From Great Keppel we coast-hopped with our friends for 2 days with stops at the uninhabited inlets of Port Clinton and Island Head Creek.  These are military zones and sometimes off-limits to yachts (but the military seems to be in East Timor these days).  Going ashore is not only prohibited, it's potentially dangerous as we were now in saltwater crocodile land!  The anchorages were beautiful, with mangrove and sand-hill rimmed shores under 600' (200m) green and rocky peaks.  The tides in this part of the coast can reach 25' (8m) and it was always intriguing to see the receding water expose vast sandy beaches.

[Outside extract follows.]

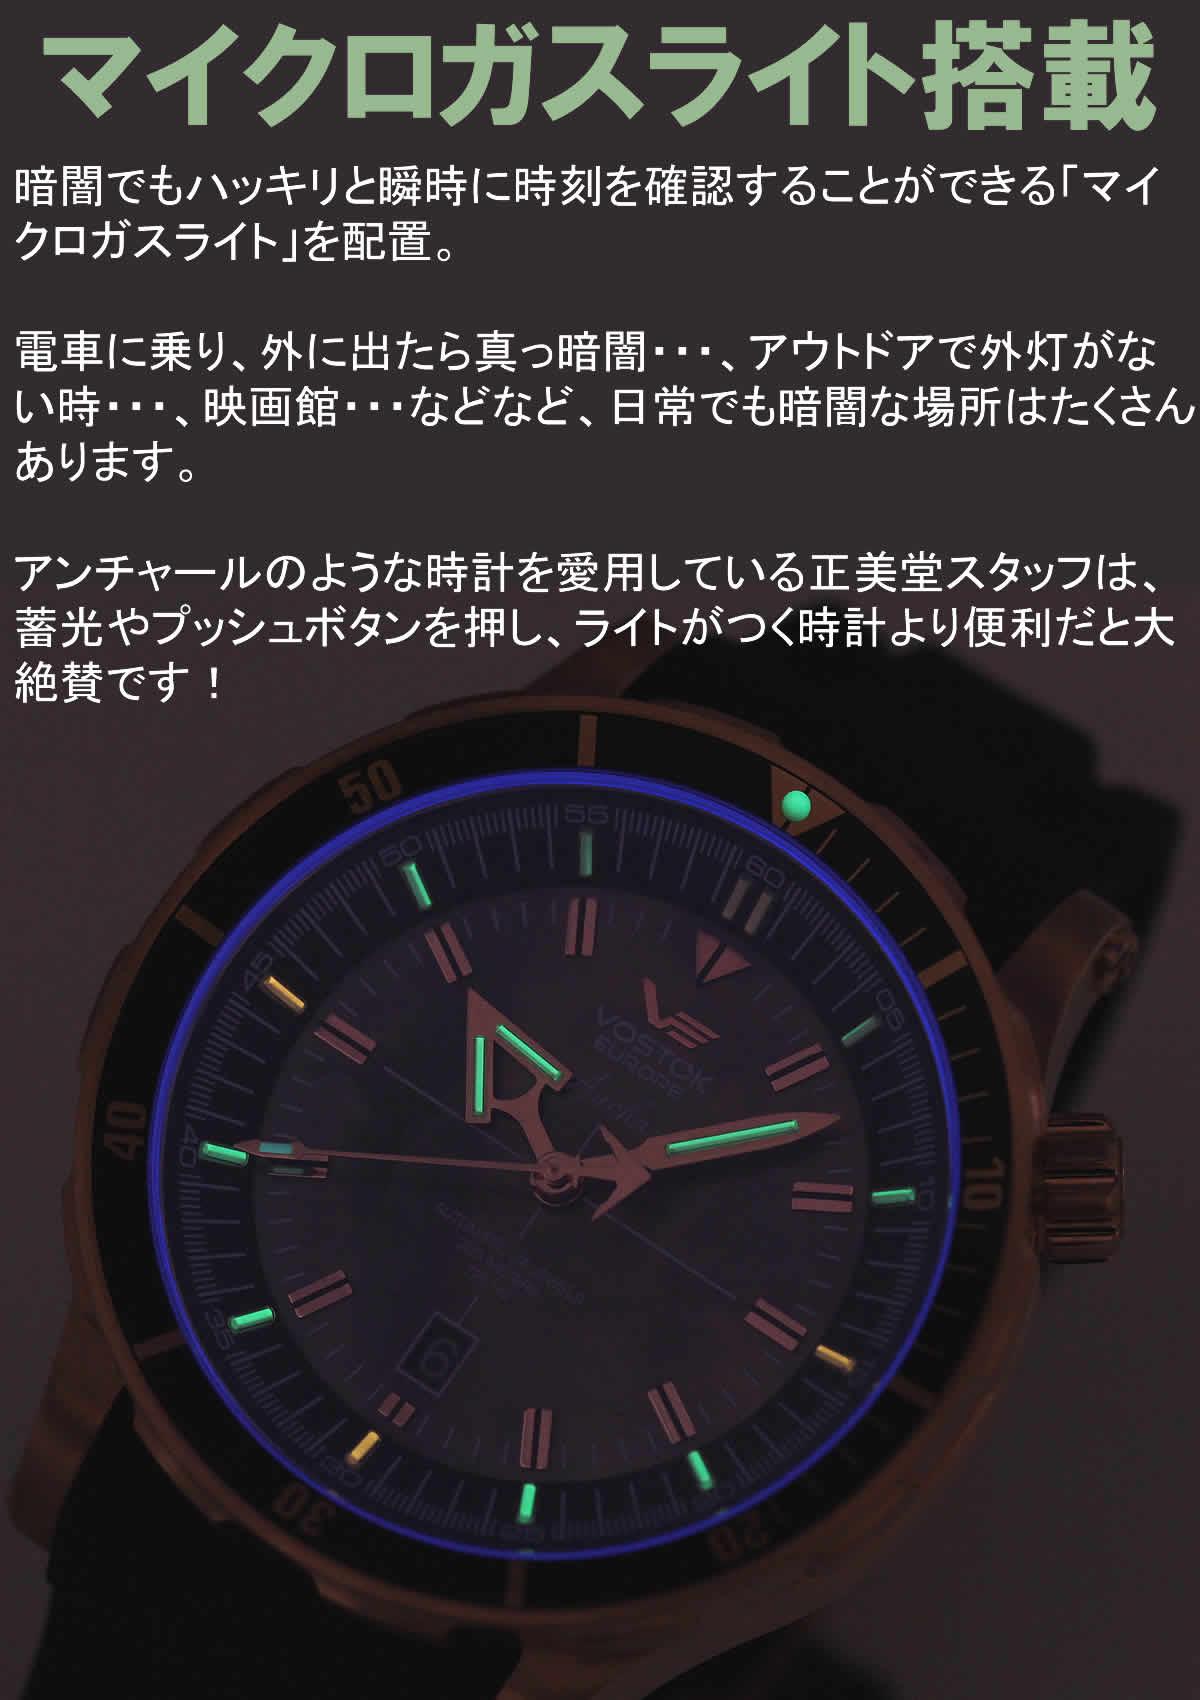 マイクロガスライト 時計
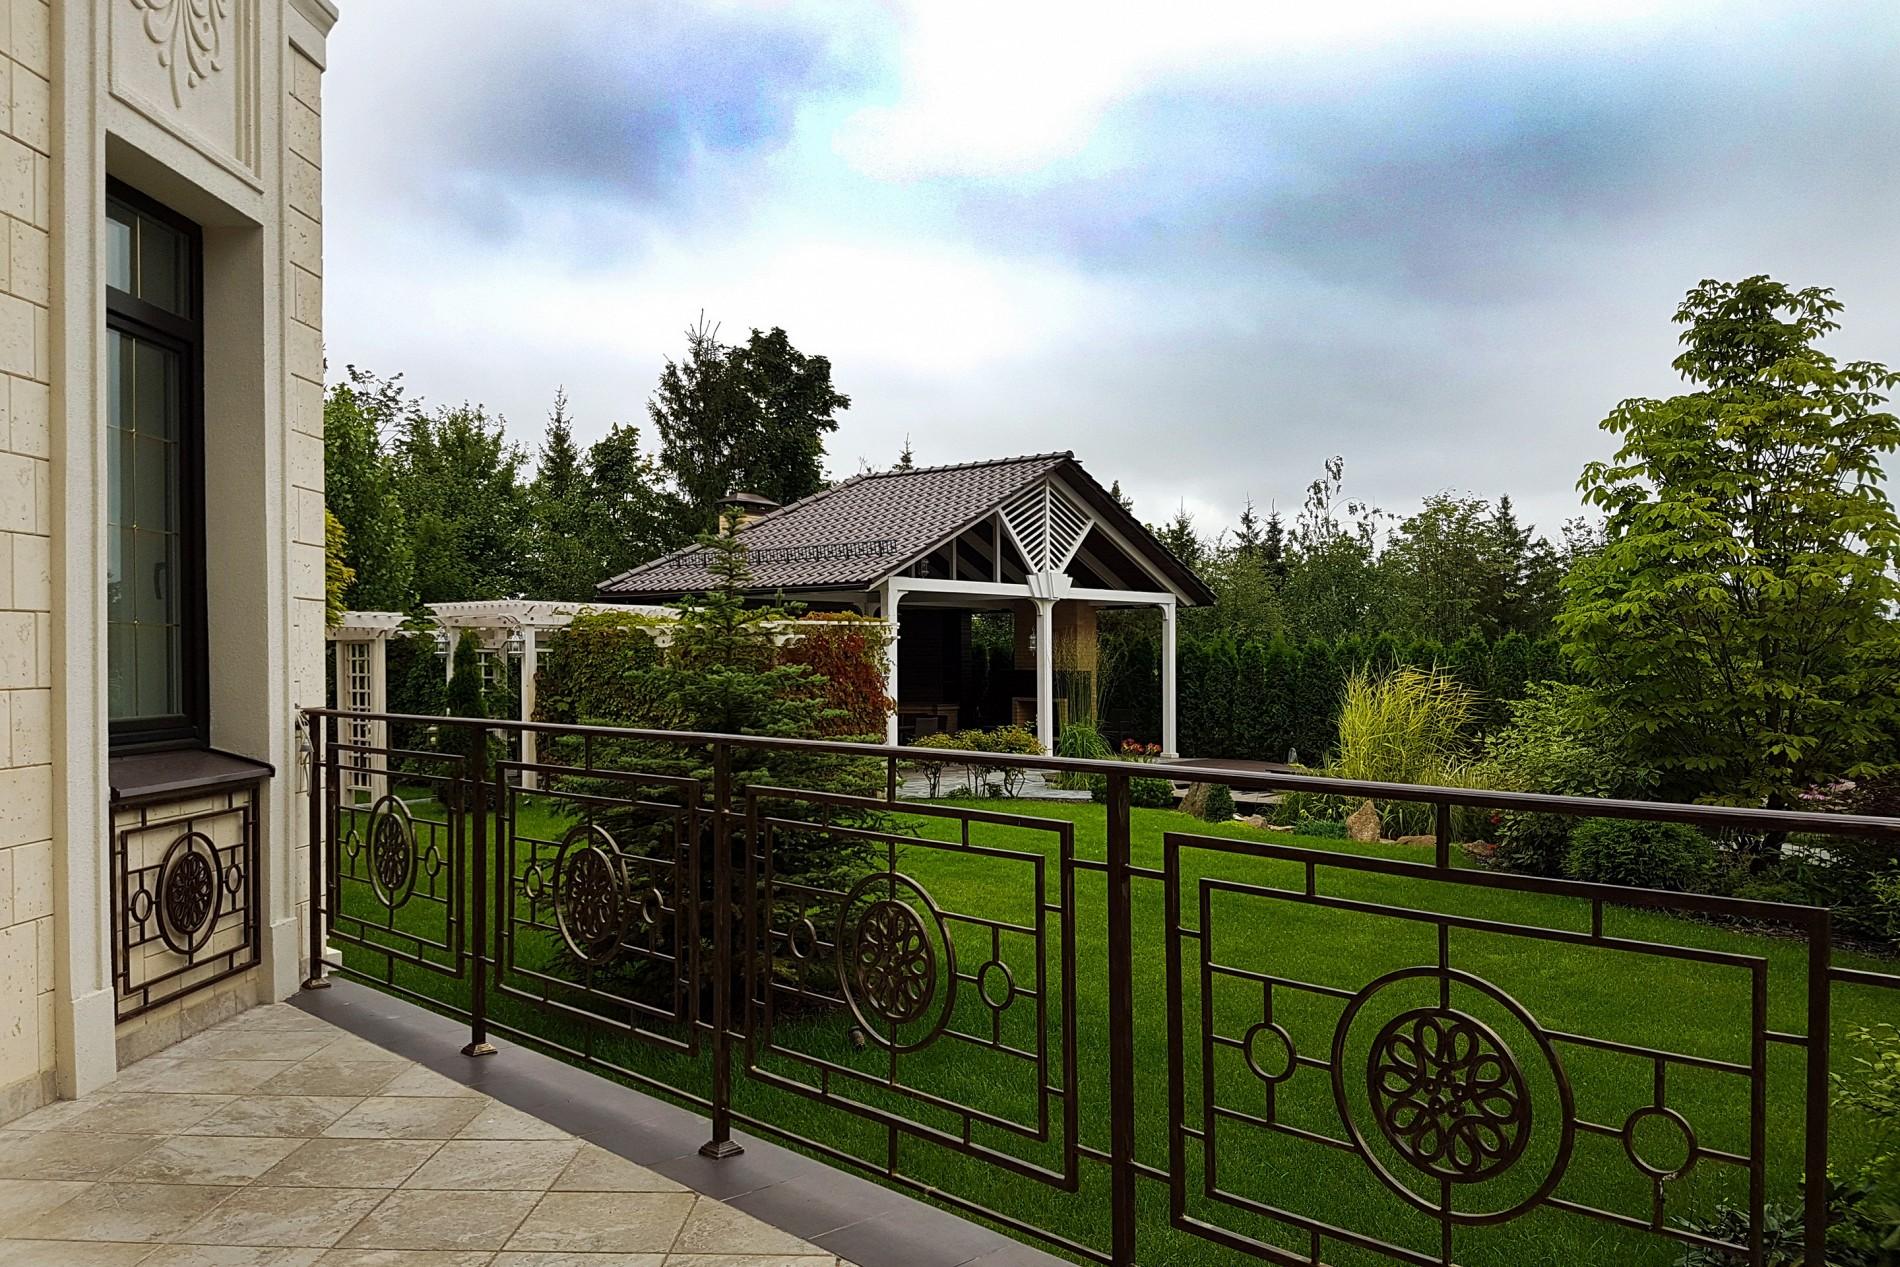 Кованные перила загородного дома в поселке Миллениум Парк

Contintental islands are high and rugged
Rugged scenery of the Percy Islands

The last few days we've had several marvelous off-the-wind rollicking sails of 35-60 miles, bringing us to Northeast Percy Island, Scawfell Island, and Thomas Island in the Whitsundays.  These beautiful hilly islands are not part of the Great Barrier Reef but are "continental islands" in that they were formed from the continent itself.  With their rugged rocky shores, deep bays, clear water, and pristine beaches they remind us somewhat of the islands of the Pacific Northwest.  Sea eagles, osprey and Brahminy kites hunt from the snags, loggerhead and green turtles float near the boat (we can hear the puff of their breath!) and pods of dolphins (some with half-size young) swim under our bows.

Sue and the biggest fish ever landed on Ocelot
Spanish Mackerel. Yum!

Yesterday we brought aboard the largest fish ever to grace the cockpit of Ocelot.  It was a 51" (1.3m) long, 42 lb (19Kg) Spanish mackerel from which Jon carved 28 lbs (13Kg) of boneless fillets!  We'll be eating well for a long time!

From Thomas Island we had a rollicking good sail (averaging over 9 knots) to Airlie Beach, the first town we've visited in several weeks.  We're looking forward to time with old cruising friends who own Queensland Yacht Charters.  They helped propel us into this great sailing adventure by loaning us a charter boat back in 2000 so we could see how the kids liked it, right here in the Whitsundays.  It was a monohull, which made us realize we really wanted a catamaran!

Our current plans are to visit more friends in Townsville, then continue north to Cairns and Lizard Island, which is supposed to be beautiful and provide excellent access to the Great Barrier Reef.  Then we'll continue north up the York Peninsula and around to Darwin to join the Darwin-Indonesia rally in the next month.